# Thread: Deriving a trig formula

1. ## Deriving a trig formula

I'm practicing trig and so I'm working through some exercises. I'm having some trouble figuring this one out:

$tan(\alpha + \beta) = \frac{tan\, \alpha + tan\, \beta}{1 - tan\, \alpha\, tan\, \beta}$

First I've rewritten $tan(\alpha + \beta)$ as $\frac{sin(\alpha + \beta) }{cos(\alpha + \beta)}$ which equates to:
$\frac{sin\, \alpha\, cos\, \beta + \cos\,\alpha\,sin\beta}{cos\,\alpha\,cos\beta - sin\,\alpha\,sin\,\beta}$.

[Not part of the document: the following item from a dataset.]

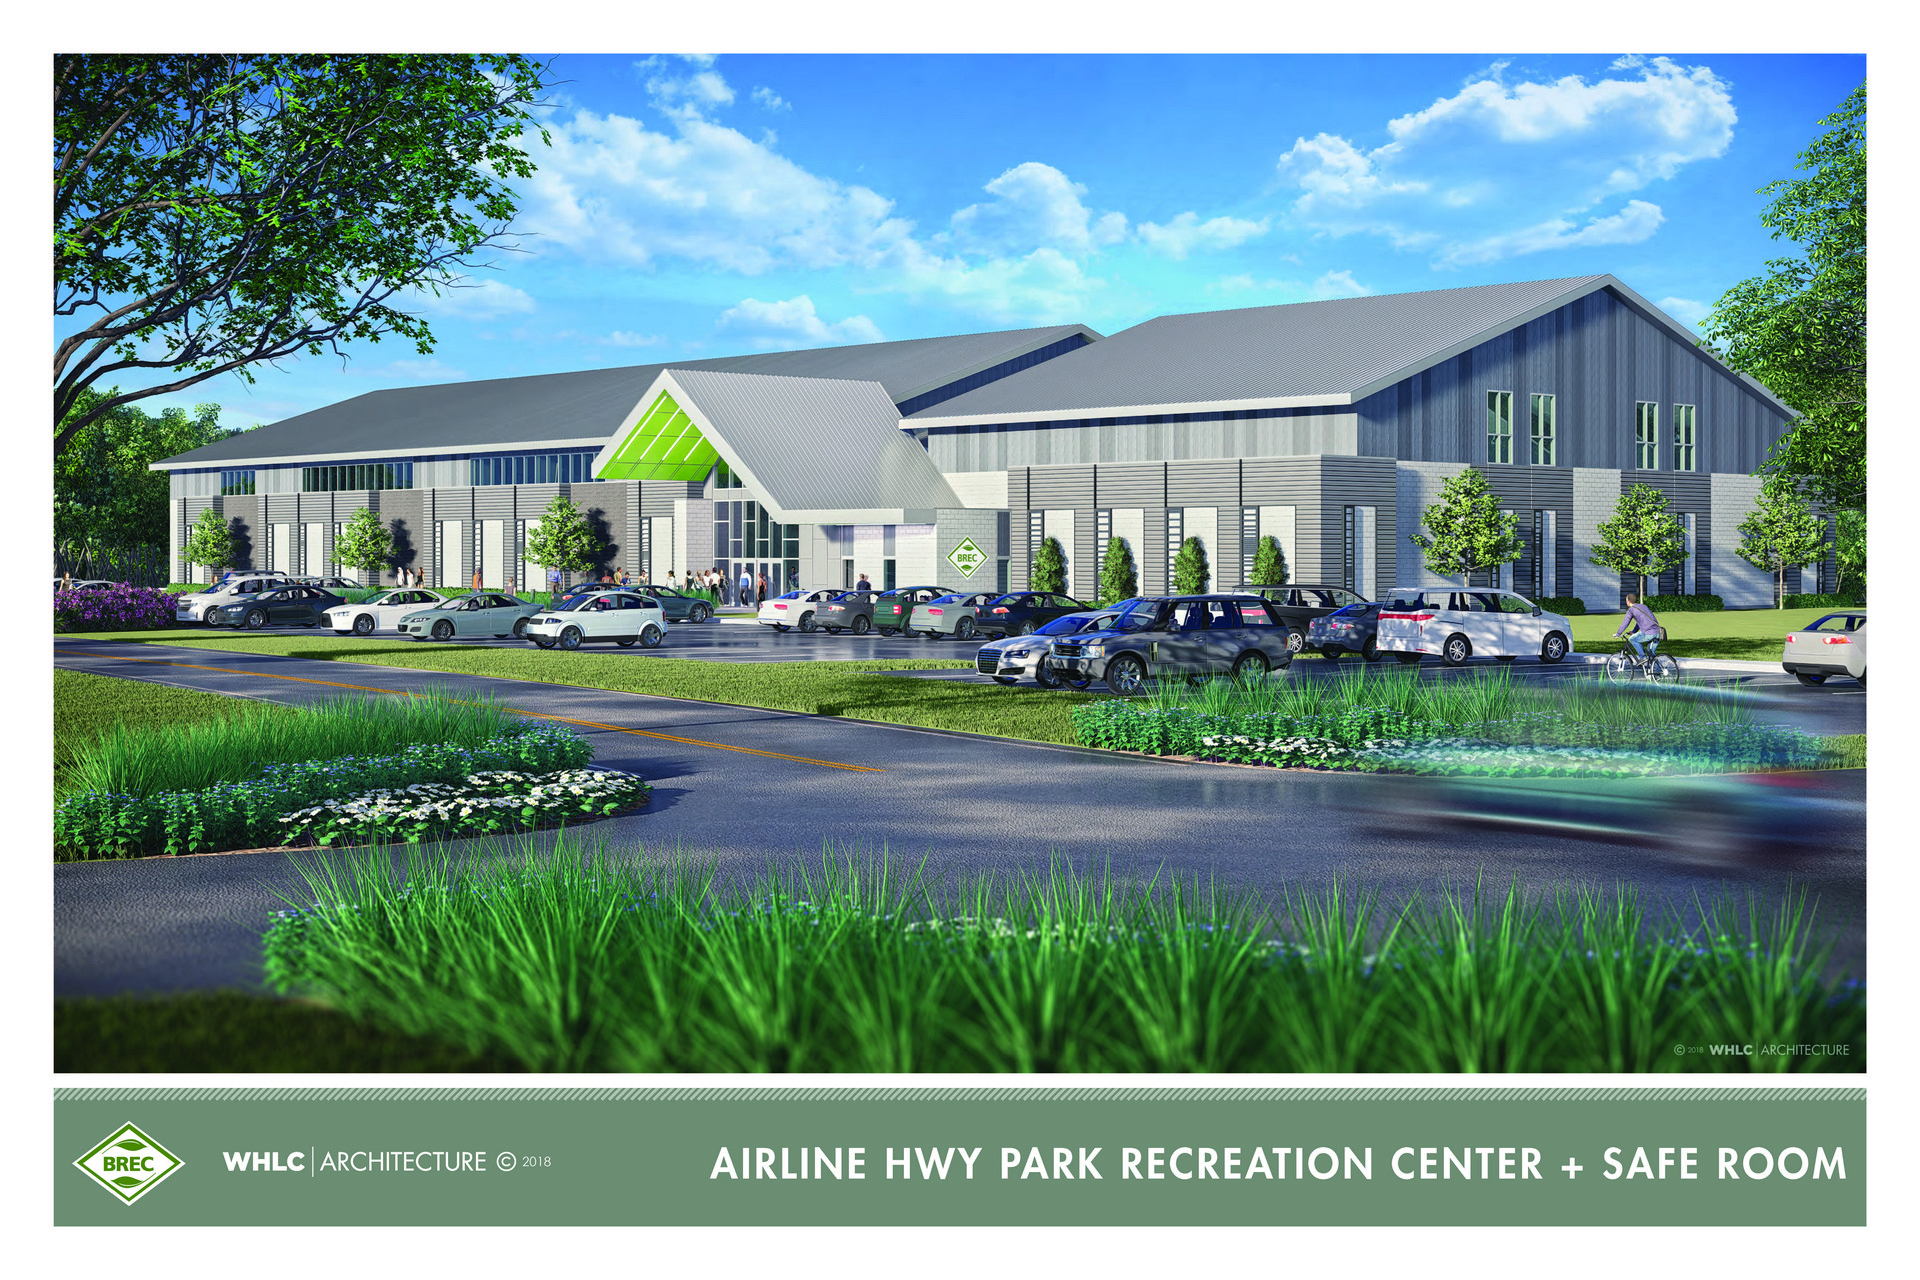 rendering of new recreation center at Airline Highway Park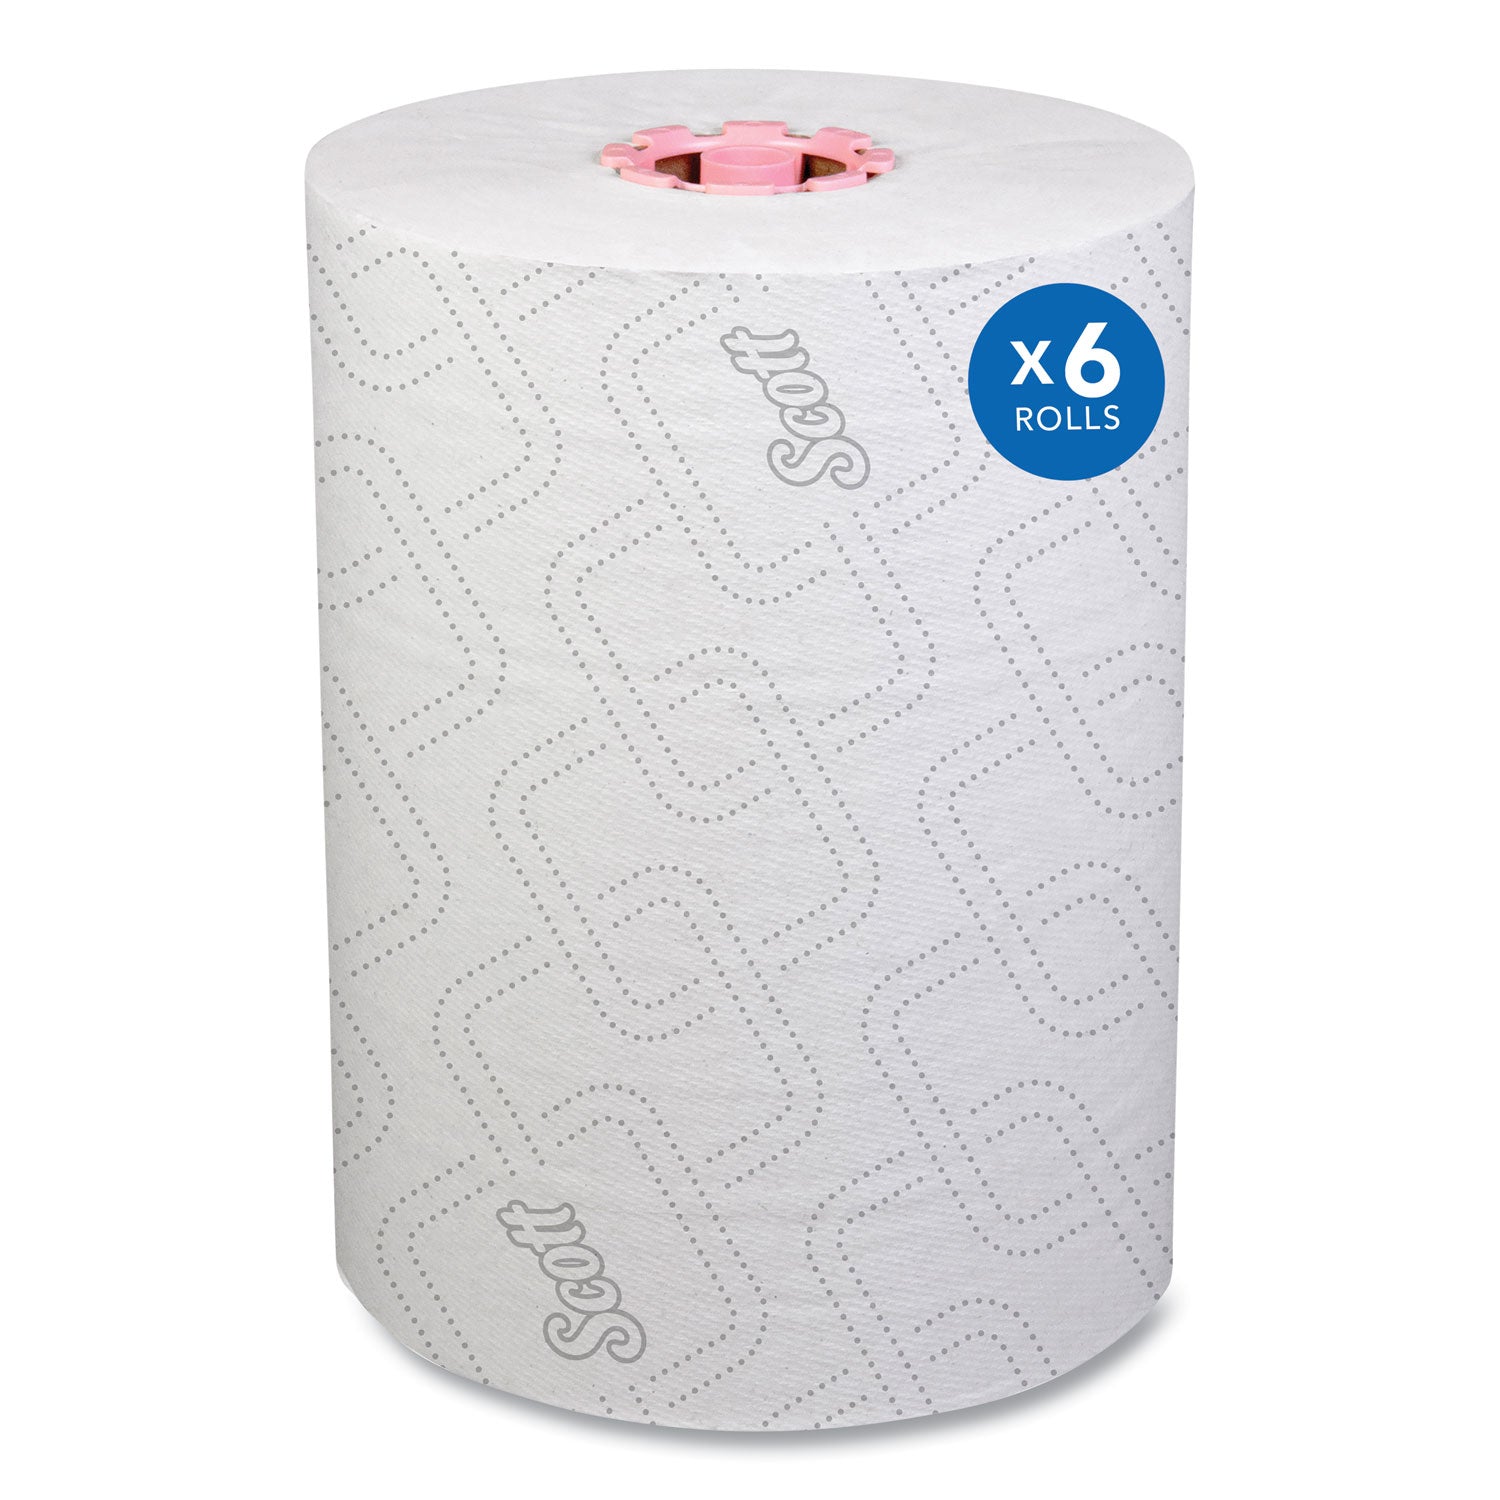 slimroll-towels-1-ply-8-x-580-ft-white-pink-core-traditional-business-6-rolls-carton_kcc47032 - 1

Then I'm kind of stuck, so I tried going the other way around:

$\frac{tan\,\alpha + tan\,\beta}{1 - tan\,\alpha \, tan\, \beta}$ =

$\frac{\frac{sin\,\alpha}{cos\,\alpha}+ \frac{sin\alpha\,\beta }{cos\,\beta}}{1 - \frac{sin\, \alpha}{cos\, \alpha}\frac{sin\, \beta}{cos\, \beta}}$

Then I multiply the 1/1 in the denominator by cos a cos b, to make them equal, to get rid of the 1, then I rewrite it according to $\frac{\frac{a}{b}}{\frac{c}{d}}$ = $\frac{ad}{bc}$ which leaves me with a lot of sin and cos, but stuck as well. Some help would be nice

2. ## Re: Deriving a trig formula

Originally Posted by Lepzed
I'm practicing trig and so I'm working through some exercises. I'm having some trouble figuring this one out:

$tan(\alpha + \beta) = \frac{tan\, \alpha + tan\, \beta}{1 - tan\, \alpha\, tan\, \beta}$

First I've rewritten $tan(\alpha + \beta)$ as $\frac{sin(\alpha + \beta) }{cos(\alpha + \beta)}$ which equates to:
$\frac{sin\, \alpha\, cos\, \beta + \cos\,\alpha\,sin\beta}{cos\,\alpha\,cos\beta - sin\,\alpha\,sin\,\beta}$.
Divide every term by $\cos(\alpha)\cos(\beta)$.

3. ## Re: Deriving a trig formula

Aah, got it now yeah! Thanks!

Right, so I know HOW to solve it, but how could I get to sin a cos b? Just try?

4. ## Re: Deriving a trig formula

Do you mean 'How could I get to cos(a)cos(b)'? Or? ...

5. ## Re: Deriving a trig formula

Yeah, well, you know how to solve this, so for you it's obvious to divide by cos(a)cos(b). For me it's not, now I can just go about trying some stuff till I find something that eventually would work, but that doesn't seem really productive or educated.

6. ## Re: Deriving a trig formula

You can just make an educated guess; you have a $\sin\alpha\cos\beta$ as the first term in the numerator, and you need to have a $\tan\alpha$ which implies the division, and you can then verify it by checking with each other term.